Впрочем, ничего удивительного в этом, кажется, нет. Живи Толстой сегодня, и за свои резкие выпады против Церкви, призывы к упразднению государства и мысли о безнравственности всякого патриотизма он вполне мог бы заработать уголовную статью за «экстремизм» и «разжигание». Но даже и после смерти Толстой остается опасен. «Два царя у нас: Николай II и Лев Толстой. Кто из них сильнее? Николай II ничего не может сделать с Толстым, не может поколебать его трон, тогда как Толстой, несомненно, колеблет трон Николая и его династии. Его проклинают, Синод имеет против него свое определение. Толстой отвечает, ответ расходится в рукописях и в заграничных газетах. Попробуй кто тронуть Толстого. Весь мир закричит, и наша администрация поджимает хвост», – писал в свое время Александр Суворин. «Львом, при рыке которого оживает спящая пустыня» называл Толстого знаменитый петербургский юрист Анатолий Кони. «Так стоит ли будить столь опасного зверя?» – размышляет власть и делает вывод, достаточно очевидный. Но приведет ли «второе отлучение» Толстого к желаемому результату? И не окажутся ли правы публицисты, утверждающие, что в начале ХХI века мы вступили в пространство «опасных дат», каждая из которых может стать источником новых потрясений? Вопросы далеко не праздные. Тем более нам важно сегодня разобраться в сути конфликта Толстого с государством и Церковью.

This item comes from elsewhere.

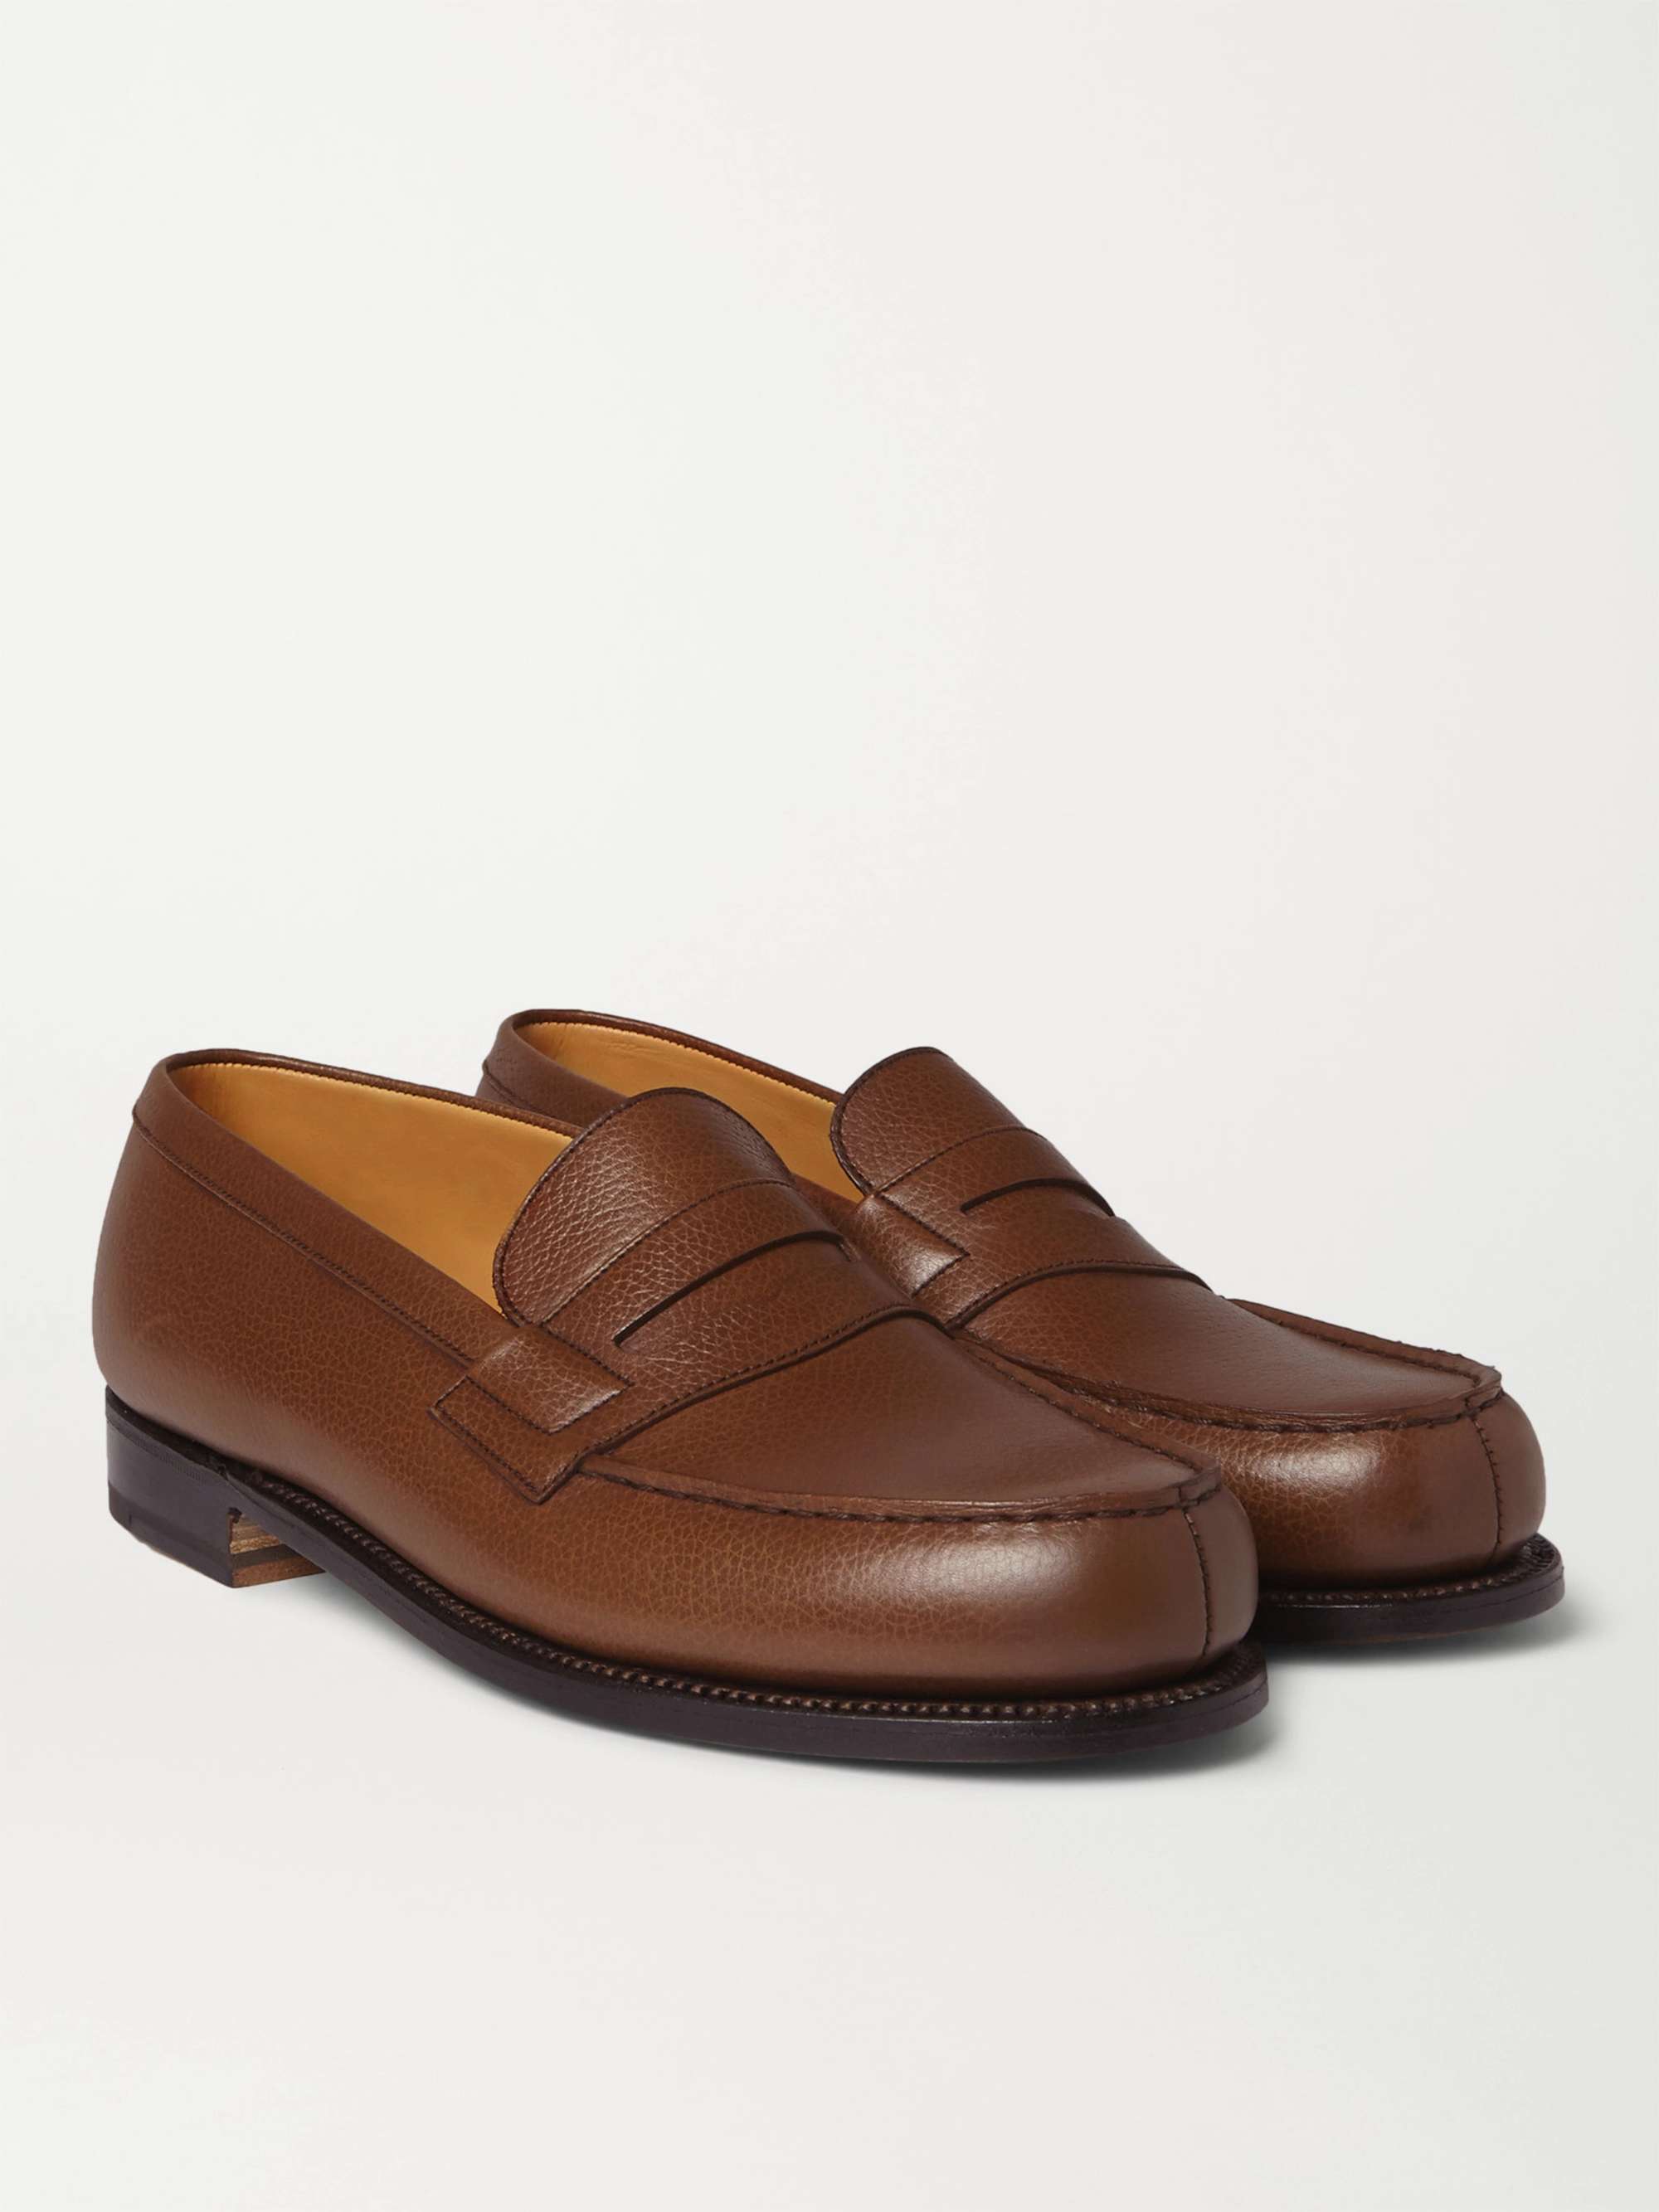 J.M. WESTON 180 Moccasin Grained-Leather Loafers

Прежде всего признаем очевидное: учение Толстого действительно антицерковно – и по букве, и по духу. Сам Толстой, отвечая на определение Святейшего Синода, отлучающее его от Церкви, говорил: «То, что я отрекся от Церкви, называющей себя православной, это совершенно справедливо... То, что я отвергаю непонятную троицу и не имеющую никакого смысла в наше время басню о падении первого человека, кощунственную историю о боге, родившемся от девы, искупляющем род человеческий, то это совершенно справедливо». С той же неумолимой последовательностью Толстой отвергает крещение младенцев, допущение разводов, освящение браков разведенных, прощение грехов на исповеди и прочие таинства Церкви, которые называет не иначе как «низменным, грубым колдовством». В елеосвящении и миропомазании, в почитании икон и мощей он видит одно только «колдовство». Церковное причастие называет обоготворением плоти. Священников сравнивает с разбойником, который «убивает целую семью, чтобы унести старую поддевку и 40 коп. денег», и отзывается о них не иначе как об обманщиках, движимых выгодой и жаждой наживы.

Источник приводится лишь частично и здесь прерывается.